- Opening Delimiter -

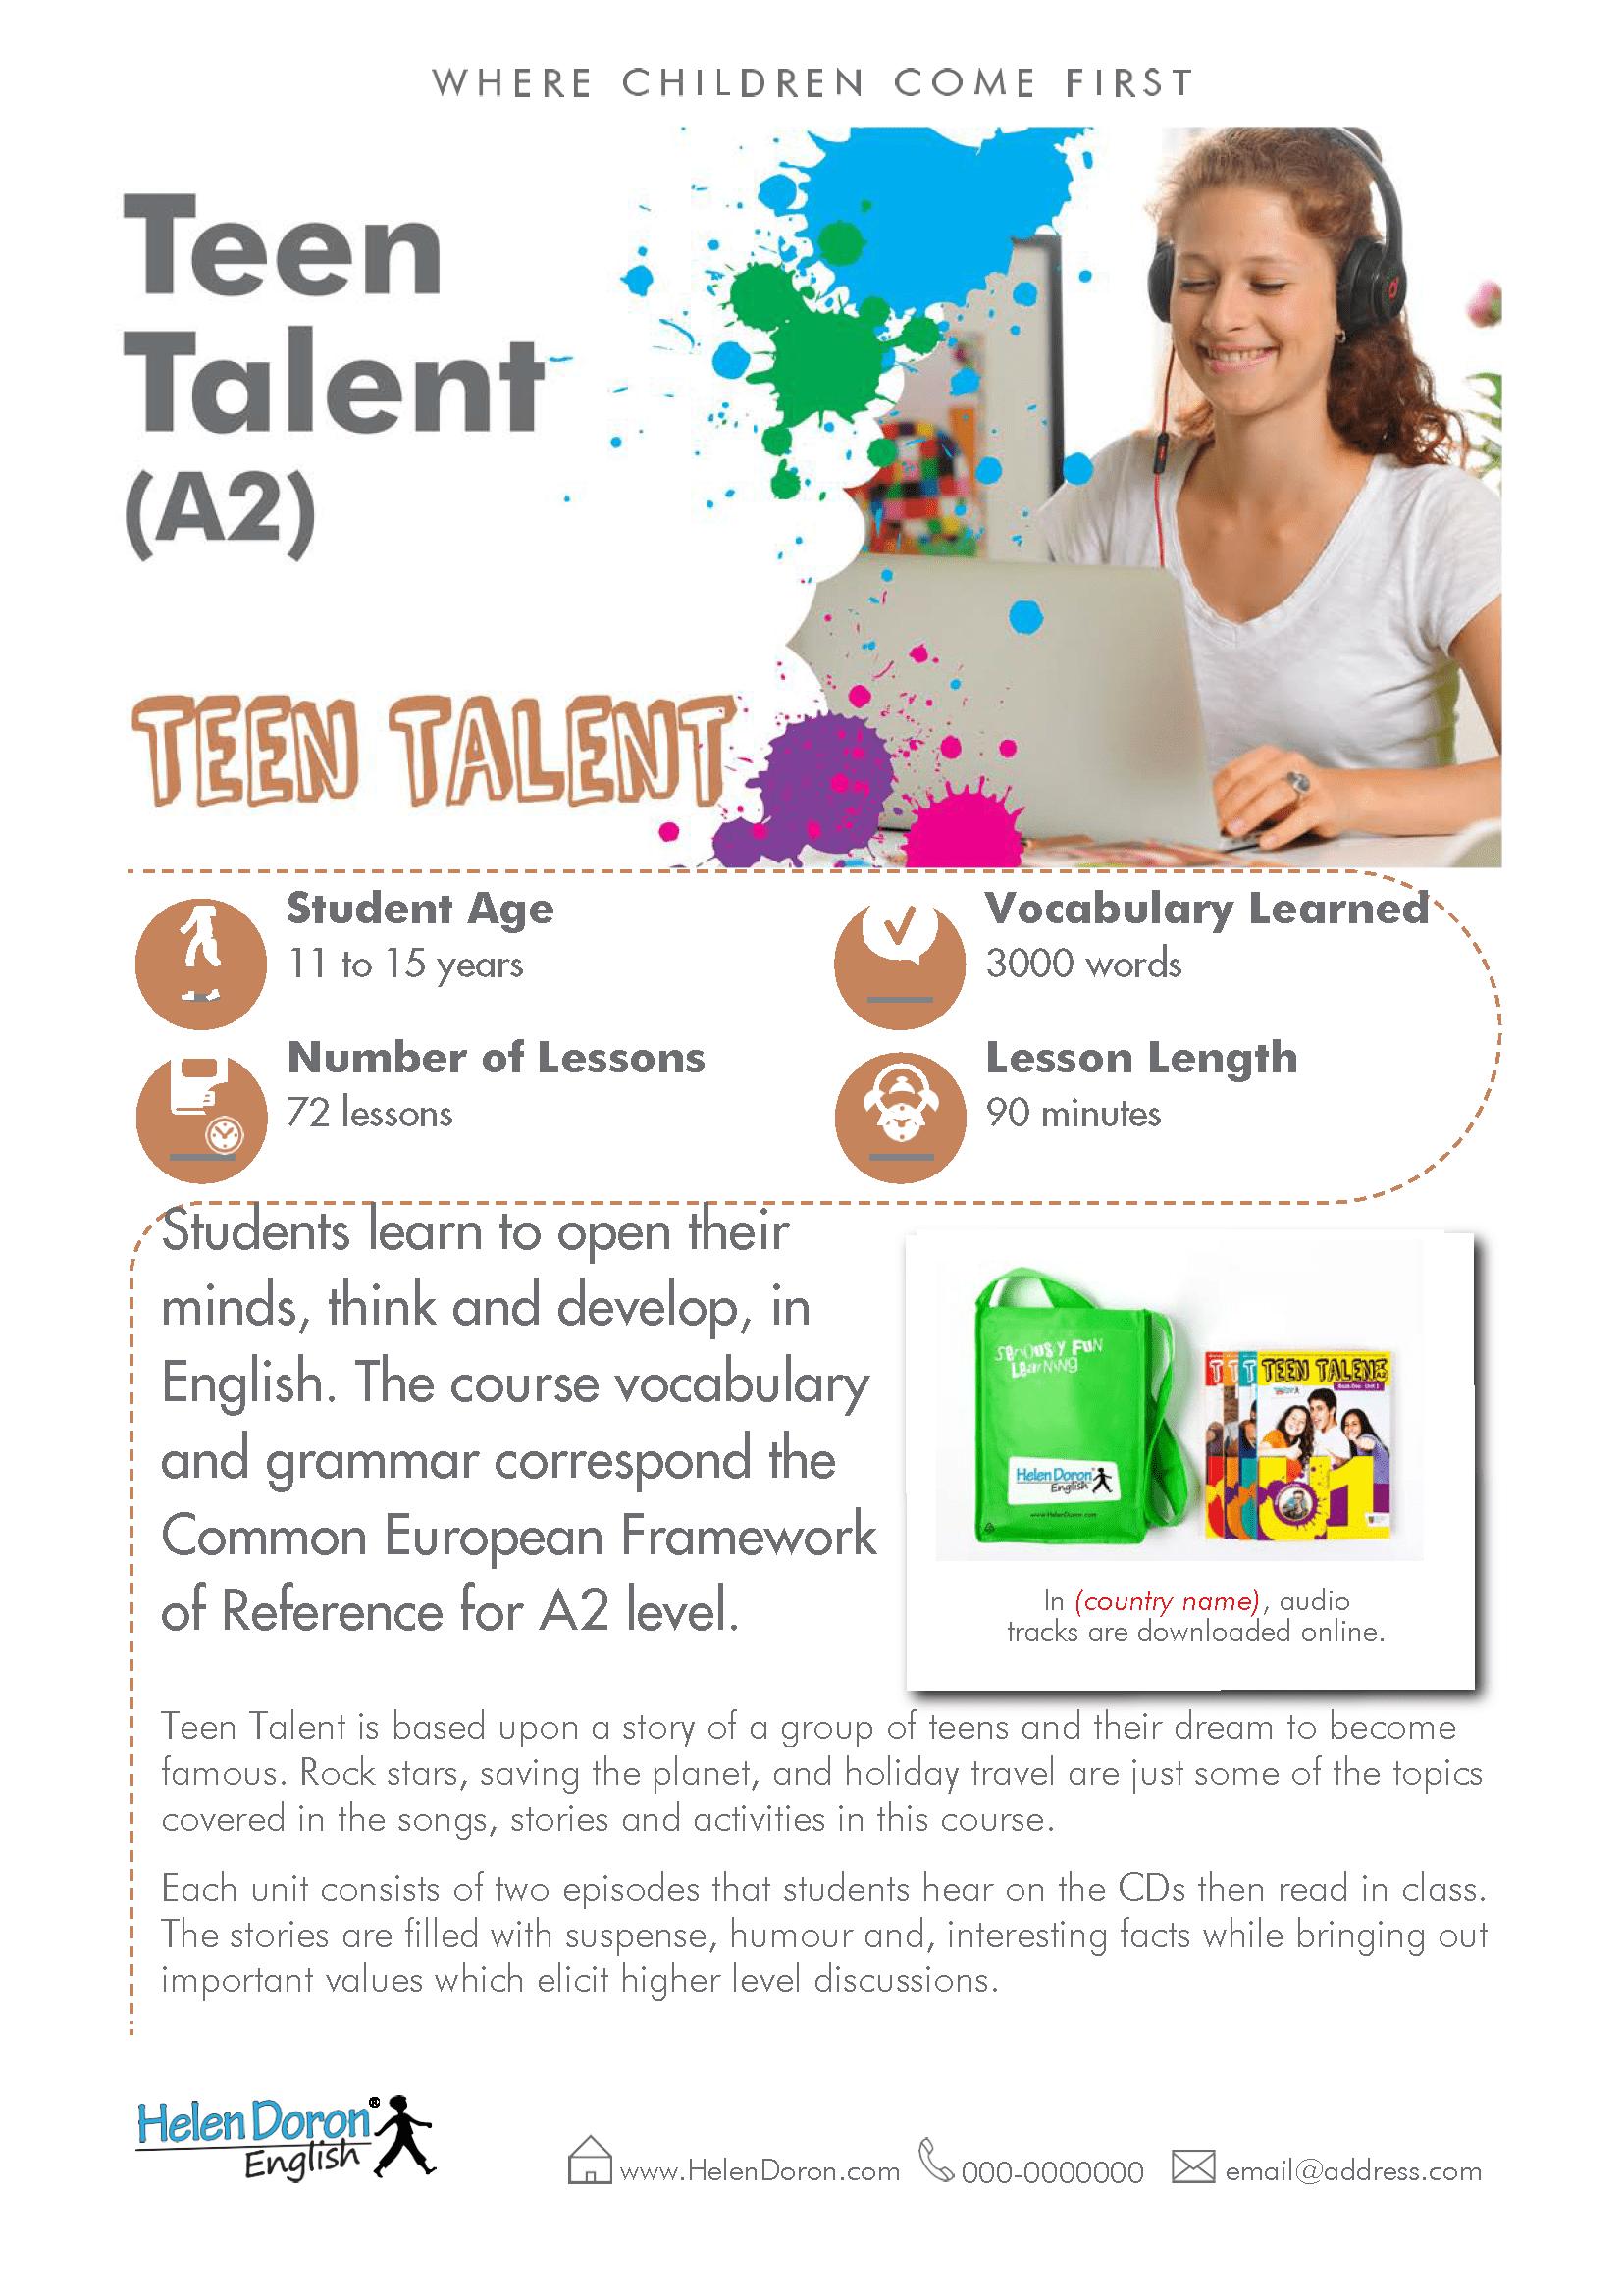 Descargar - Teen Talent (A2)
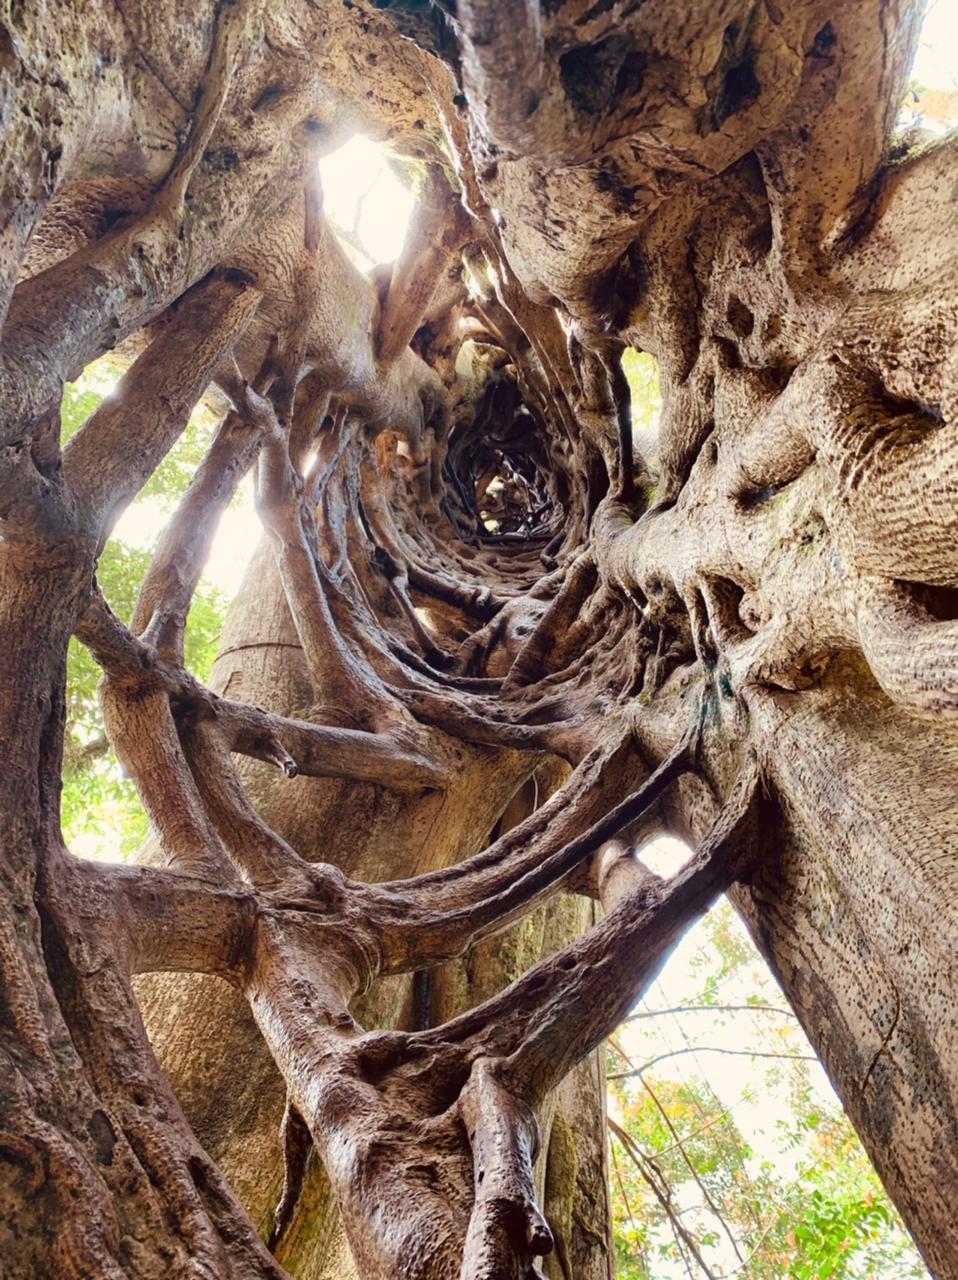 Escalada de un ficus matapalo en Monteverde
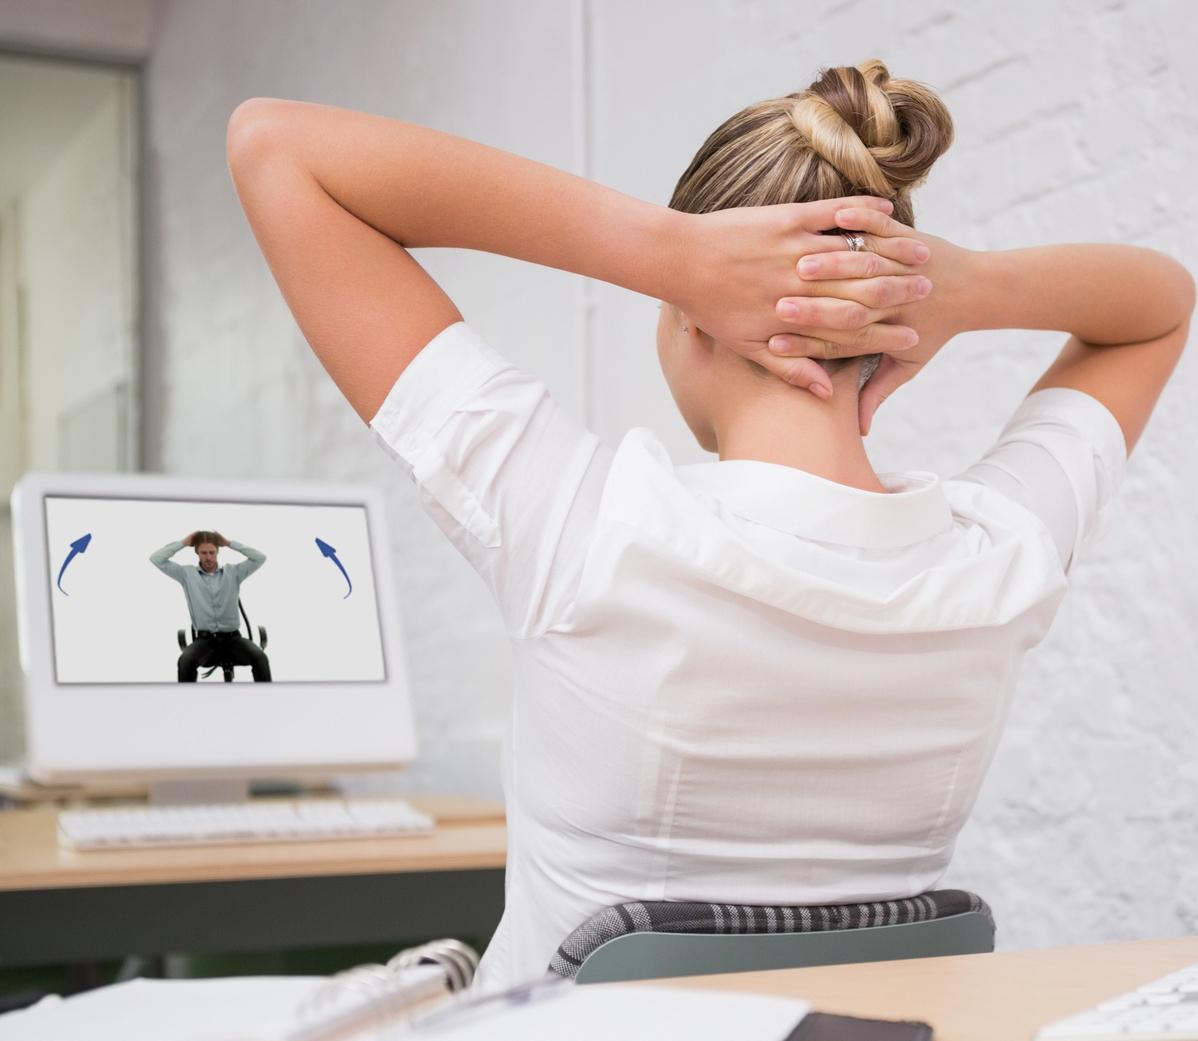 Digitale BGM-Plattform bietet Rückengesundheit am Arbeitsplatz

- Closing Delimiter -

■ **DIRECTIONS**
Output only the lines that run from the line containing "Escalada de un ficus matapalo en Monteverde" to the last line of the data, exactly as they stand and without pictures.

■ **EXERCISE OUTPUT**
 Escalada de un ficus matapalo en Monteverde
 Digitale BGM-Plattform bietet Rückengesundheit am Arbeitsplatz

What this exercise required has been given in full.